=== RECORDED INFORMATION ===
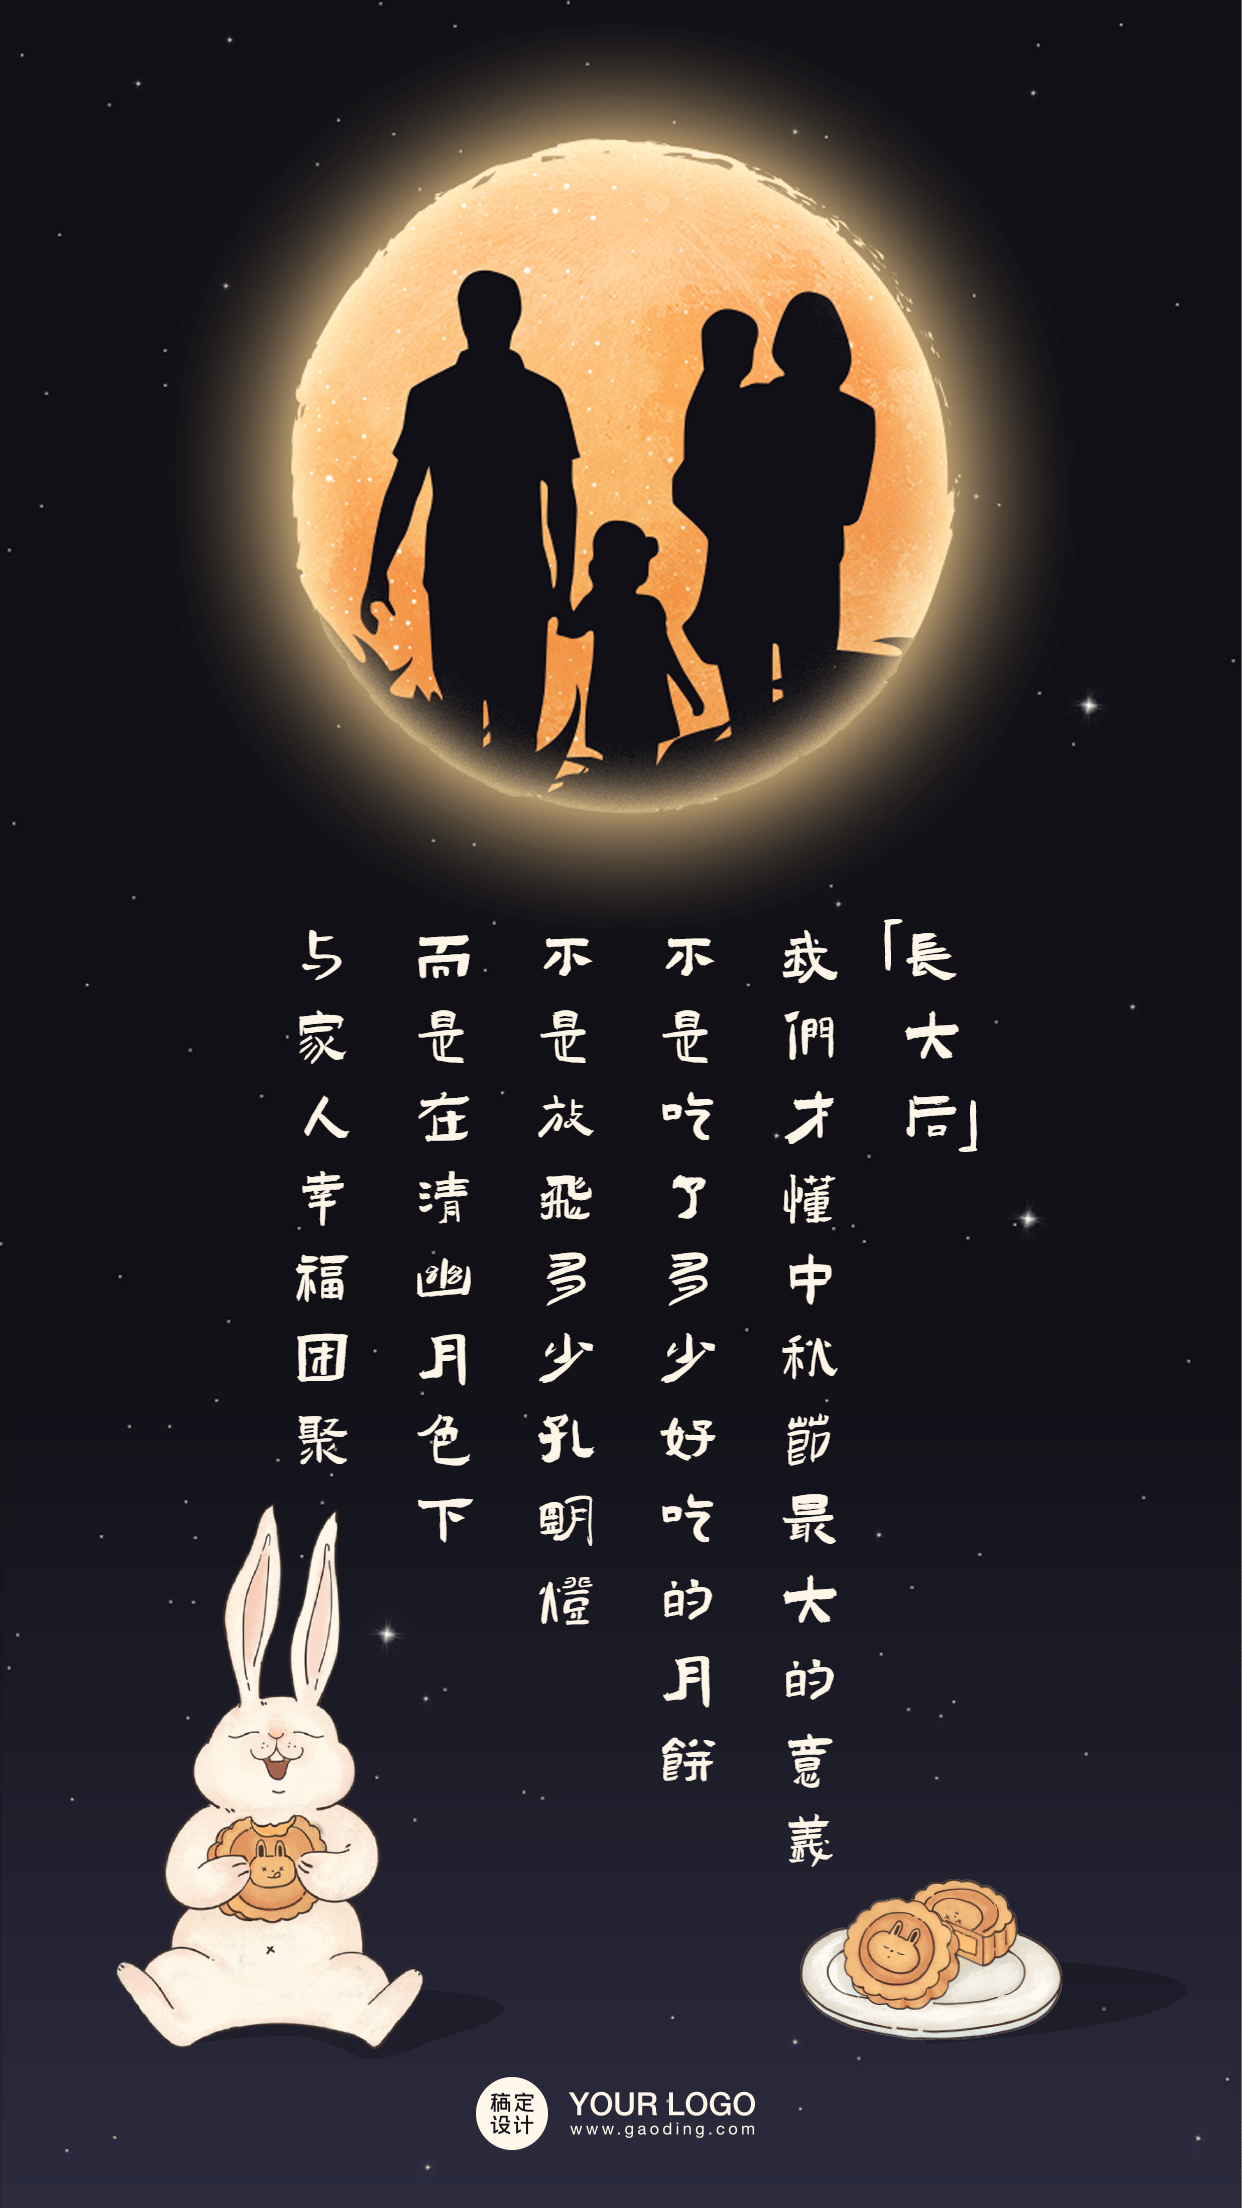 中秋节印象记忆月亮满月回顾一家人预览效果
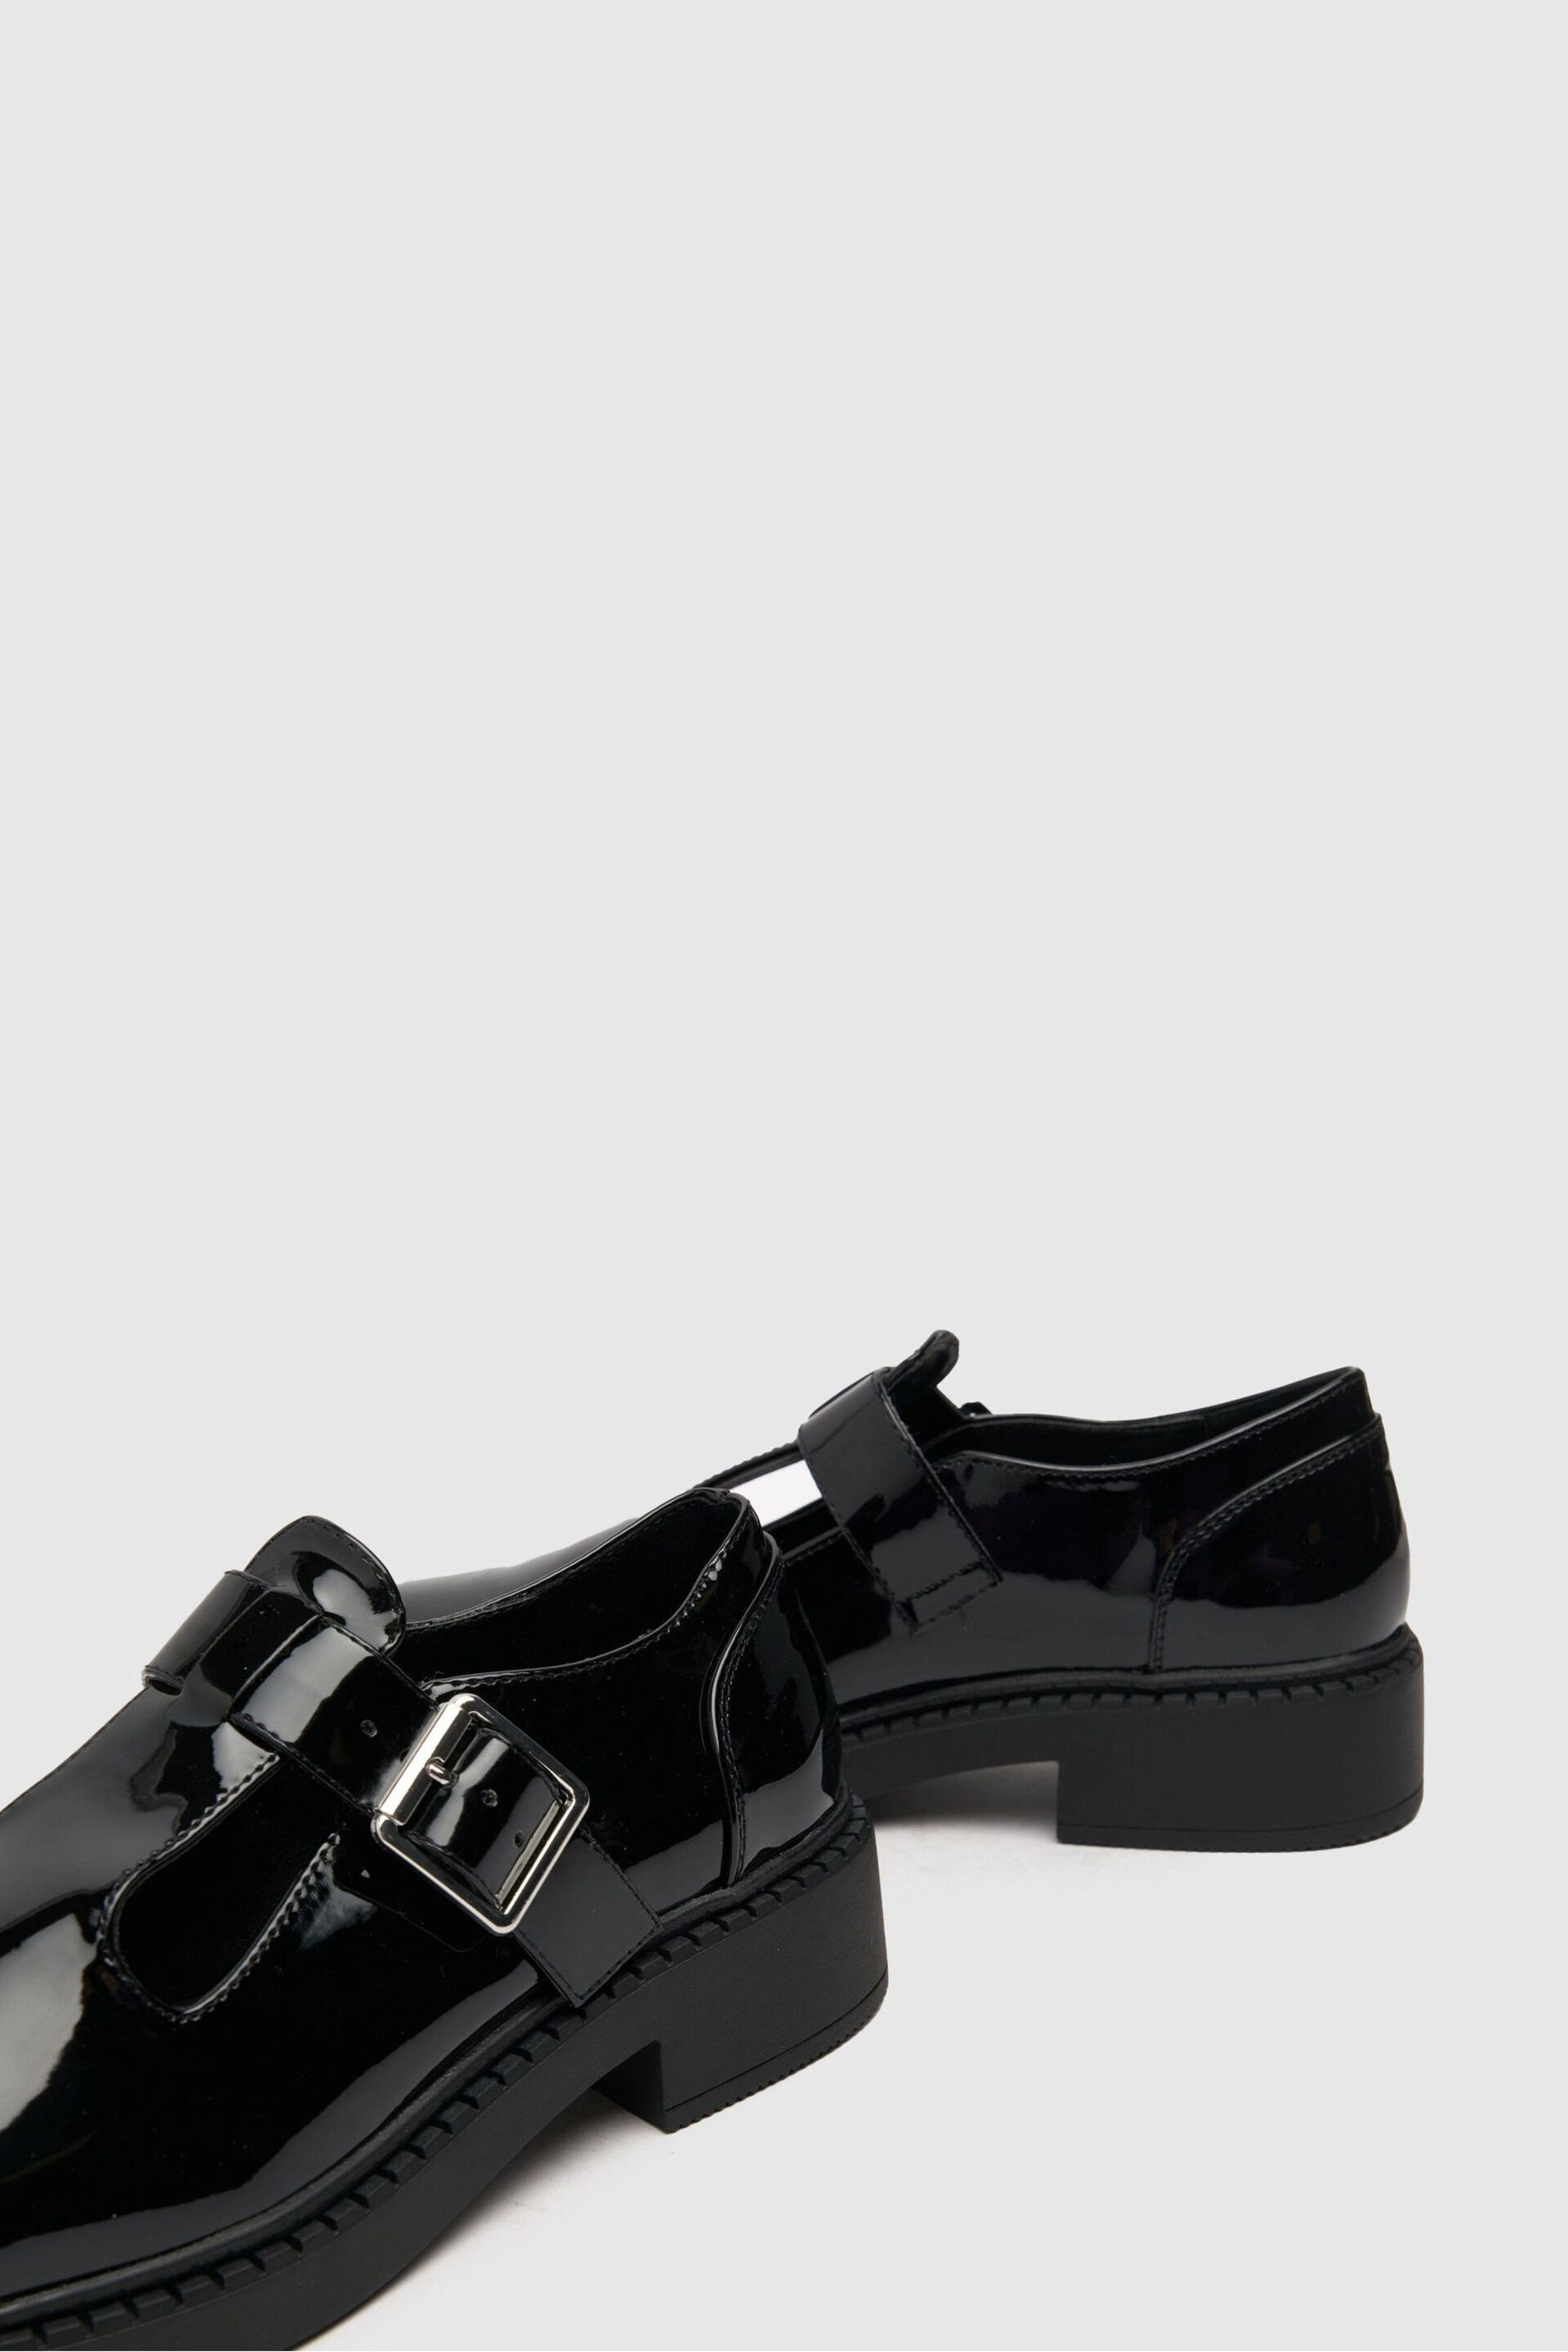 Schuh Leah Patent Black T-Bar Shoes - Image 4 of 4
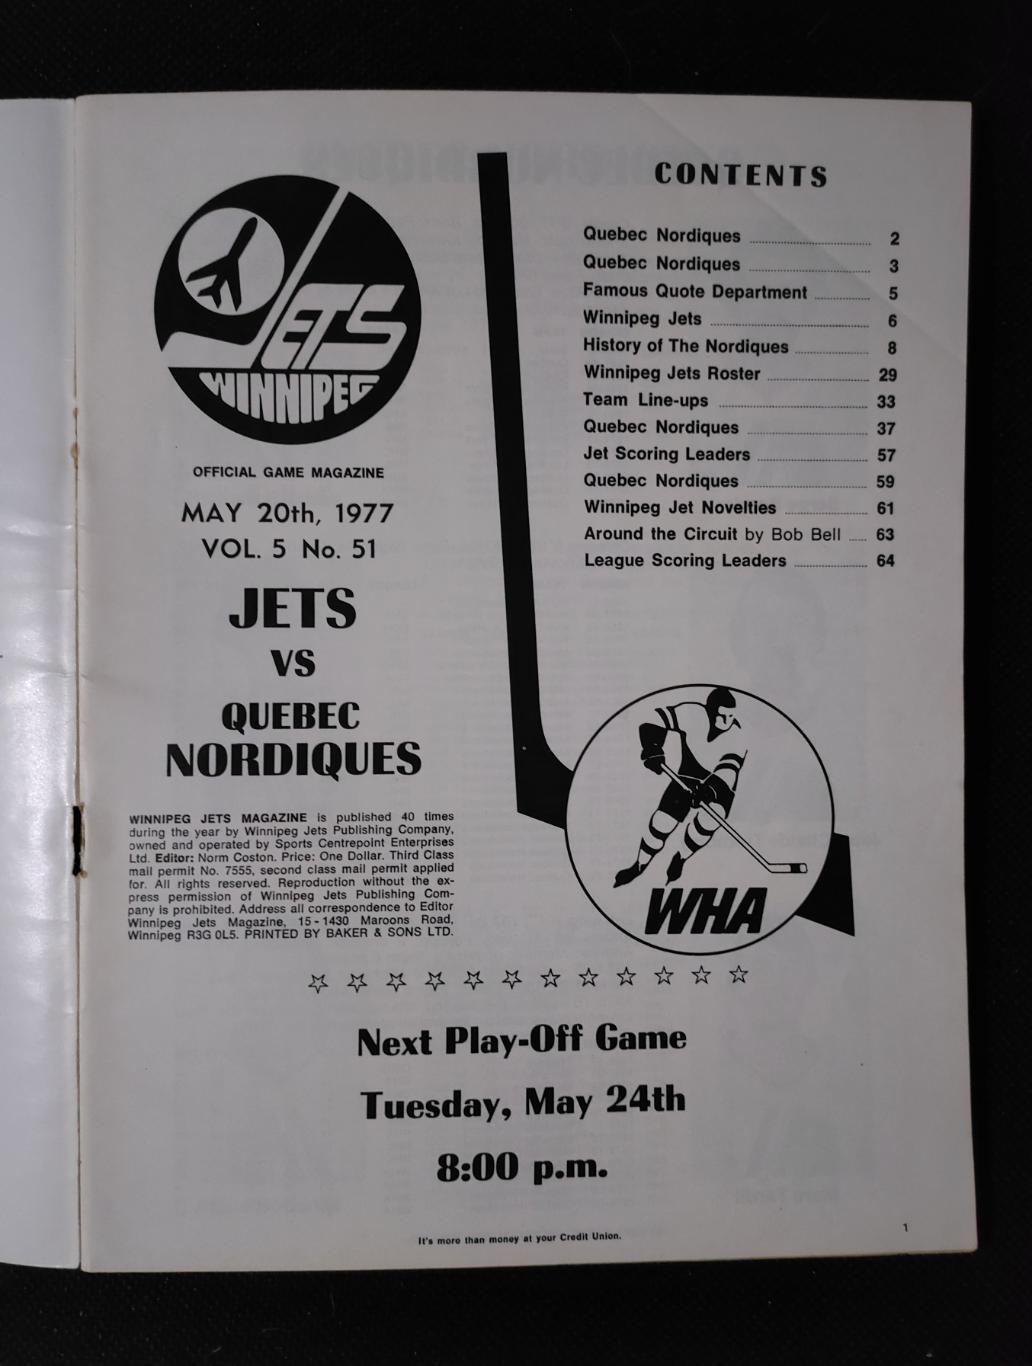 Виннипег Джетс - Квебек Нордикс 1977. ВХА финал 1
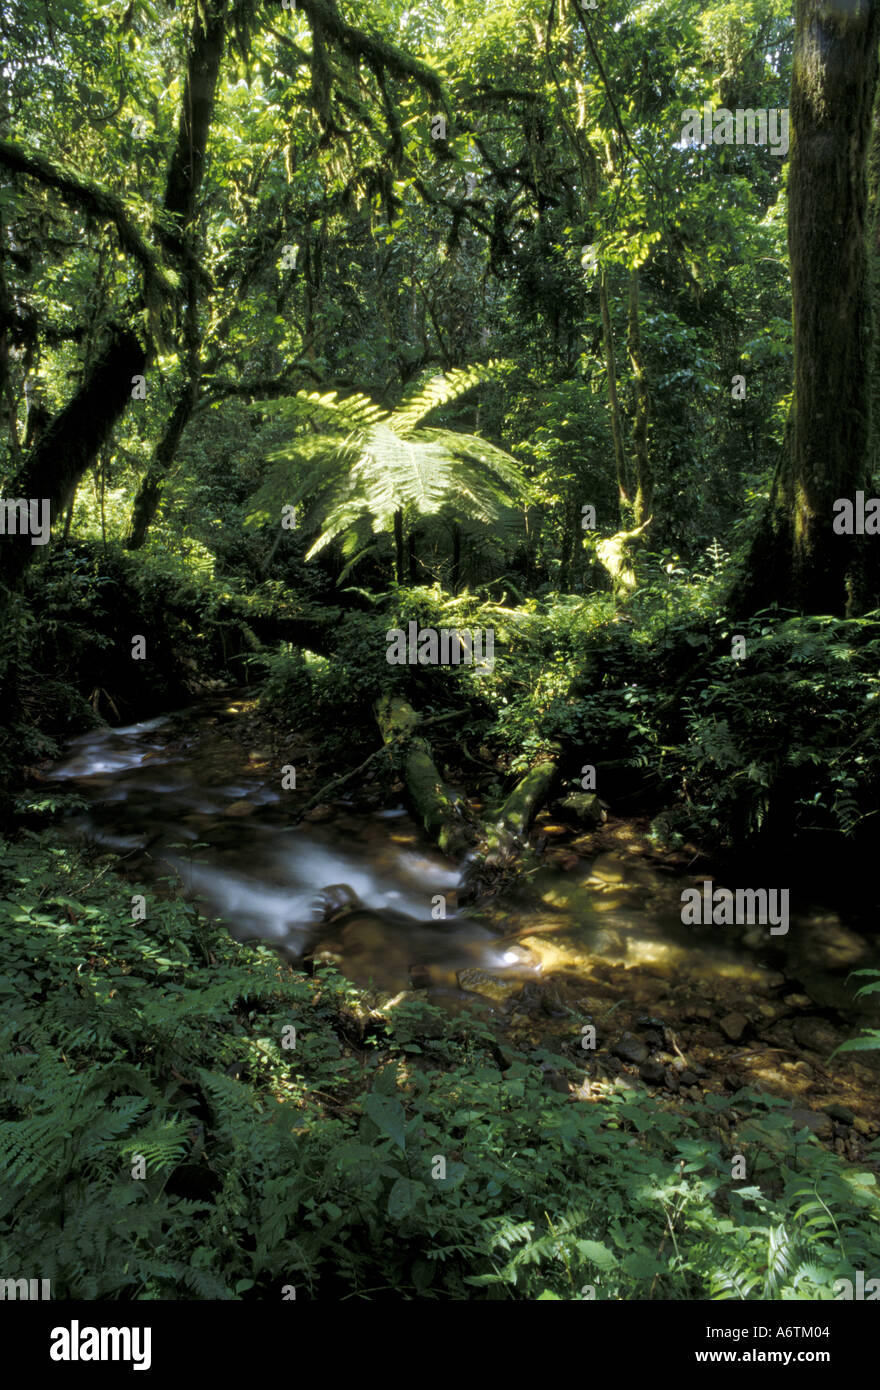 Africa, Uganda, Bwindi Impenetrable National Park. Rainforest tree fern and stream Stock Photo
===
* _WHAT YOU SHOULD DO_
Retype, word for word, the line containing "Виннипег Джетс - Квебек" and each line after it through the end of the data, leaving any picture out.

* _TASK OUTPUT_
 Виннипег Джетс - Квебек Нордикс 1977. ВХА финал 1
 Africa, Uganda, Bwindi Impenetrable National Park. Rainforest tree fern and stream Stock Photo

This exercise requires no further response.